Mexican Banking Officials Consider Establishment of Currency Board
While the White House claimed progress Monday in its campaign for Mexican loan guarantees, Mexico’s central bank is studying a radical change endorsed by some top U.S. senators--the establishment of a currency board that would strip the central bank’s authority.
Sources here said bank officials are studying the possible implementation of a currency board system similar to those in effect in Argentina, Estonia and Hong Kong, which would restrict the number of pesos added to the economy by the number of new dollars entering in investment.
Enacting a currency board would, in effect, be an admission by the U.S.-trained government economists from President Ernesto Zedillo down that they are incapable of restoring investor confidence in their ability to micro-manage the economy.

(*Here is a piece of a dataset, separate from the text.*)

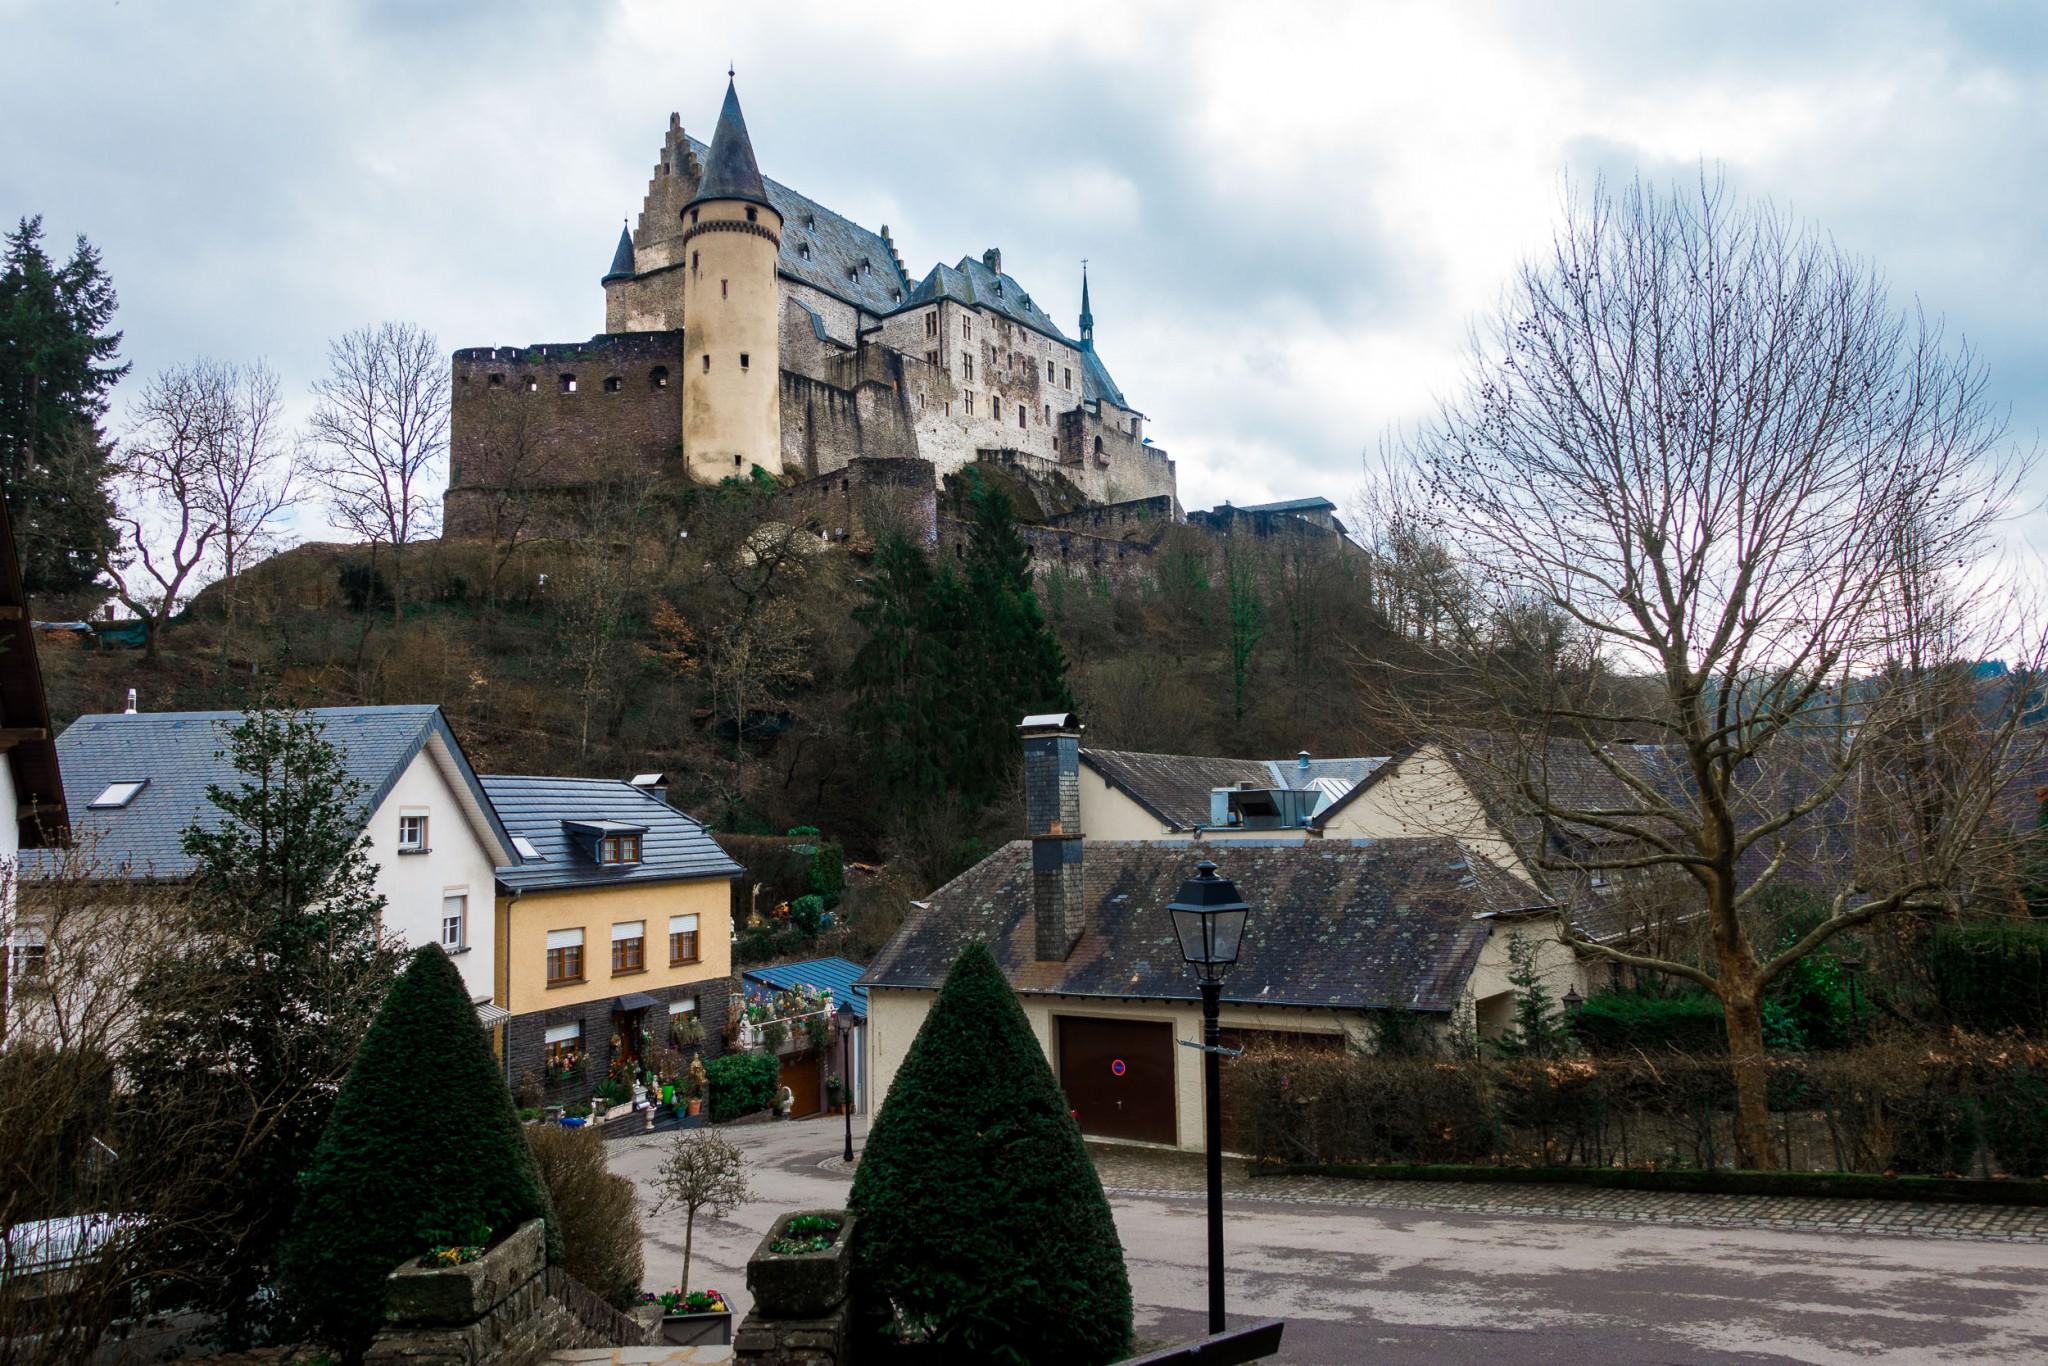 Ein letzter Blick auf die Burg Vianden in Luxemburg
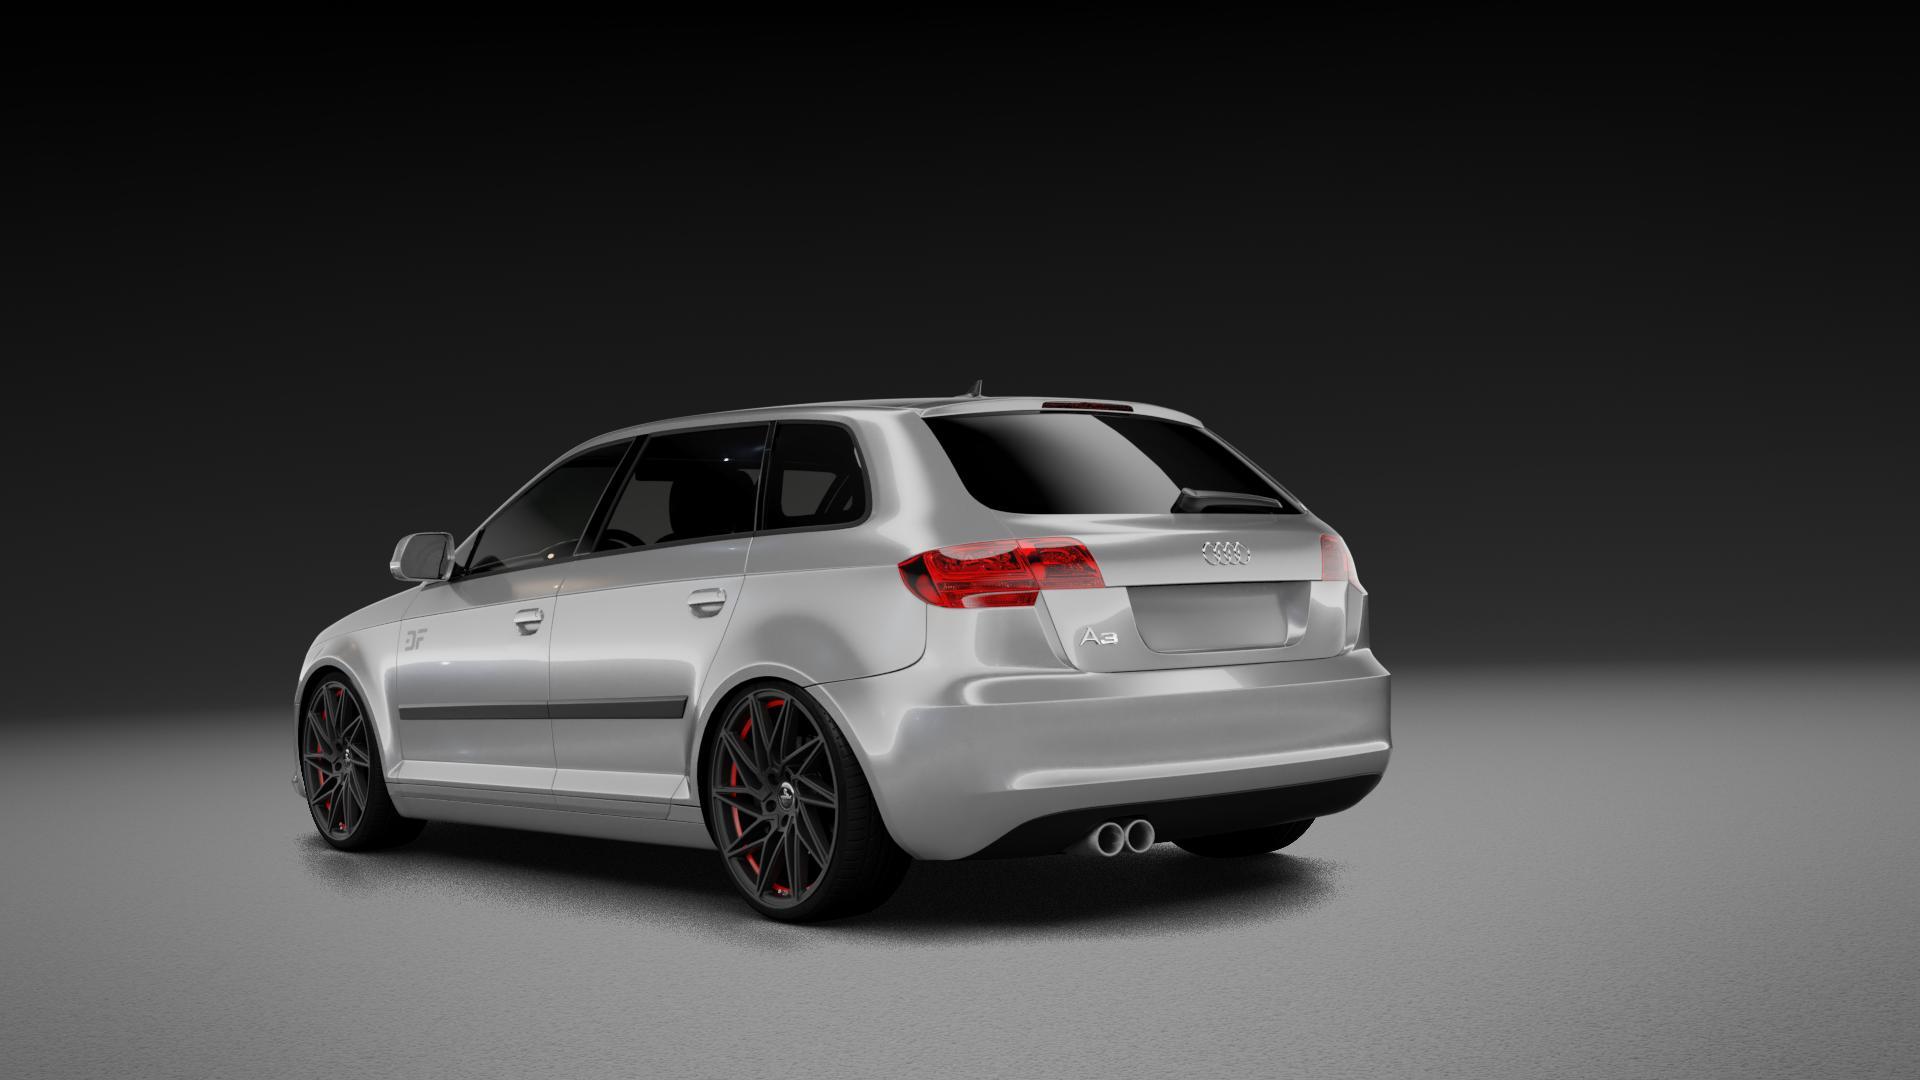 KESKIN KT20 MATT BLACK RED INSIDE Felge mit Reifen schwarz rot in 19Zoll Winterfelge Alufelge auf silbernem Audi A3 Typ 8P (Sportback) 1,6l 75kW (102 PS) 2,0l FSI 110kW (150 1,9l TDI 77kW (105 103kW (140 TFSI 147kW (200 85kW (116 100kW (136 1,8l 118kW (160 125kW (170 1,4l 92kW (125 120kW (163 quattro 3,2l V6 184kW (250 S3 195kW (265 1,2l 66kW (90

A currency board would sharply restrict the newly autonomous Bank of Mexico’s ability to control the money supply or to stabilize currency flows into the country. However, it would provide an absolute guarantee that inflation would remain under control.
“A currency board is a kind of straitjacket,” said Harvard economist Jeffrey Sachs. “Currency boards are used when you really can’t trust yourself or when your behavior in the past has been so reckless and irresponsible that you have little credibility left.”
The prospect of a currency board was raised publicly over the weekend by Senate Majority Leader Robert Dole (R-Kan.) as a possible prerequisite to congressional approval of President Clinton’s proposed $40 billion in loan guarantees.
On Monday, a group of conservative Republicans advanced the idea of a currency board as an alternative to the loan-guarantee plan, which Sen. Don Nickles (R-Okla.) said “is in trouble.”
But on the House side, Speaker Newt Gingrich said he would support the Clinton plan and see to it that the measure comes up for a floor vote by Friday, or Monday at the latest.
After Gingrich’s remarks, the Mexican Stock Exchange index--which had fallen 59 points, or 2.66%, by midday--reversed course and closed up 2.64 points at 2,065.85. The reversal may also have reflected buying by Nacional Financiera, the government development bank.
Meanwhile, the effects of the crisis spread with the announcement that Wal-Mart Stores Inc. is suspending plans to construct 25 additional stores in Mexico this year, a bet by the retailer that the weakened peso will keep Mexican citizens out of stores.
The peso closed down 4 centavos at 5.74 to the dollar. It is the urgent need to strengthen the peso--which in early December traded at about 3.4 to the dollar--that has experts weighing drastic action. Currency boards were common in the colonies of European powers. Hong Kong reintroduced the concept in 1983 to avoid a crisis of confidence.
The concept gained impetus in 1991 when Argentina pegged its currency to the dollar in an effort to battle chronic inflation. Estonia and Lithuania used currency boards to build confidence in their new national currencies after they dropped the ruble in 1992.
An independent currency board is much like being on the gold standard. The board prints domestic money and converts it, on demand, to a specified foreign currency at a fixed exchange rate.
To keep this commitment, the board holds enough reserves of the foreign currency to convert all domestic currency issued at the specified exchange rate. The board will only print money when there are new foreign assets to back it.
Times staff writer Edwin Chen in Washington contributed to this report.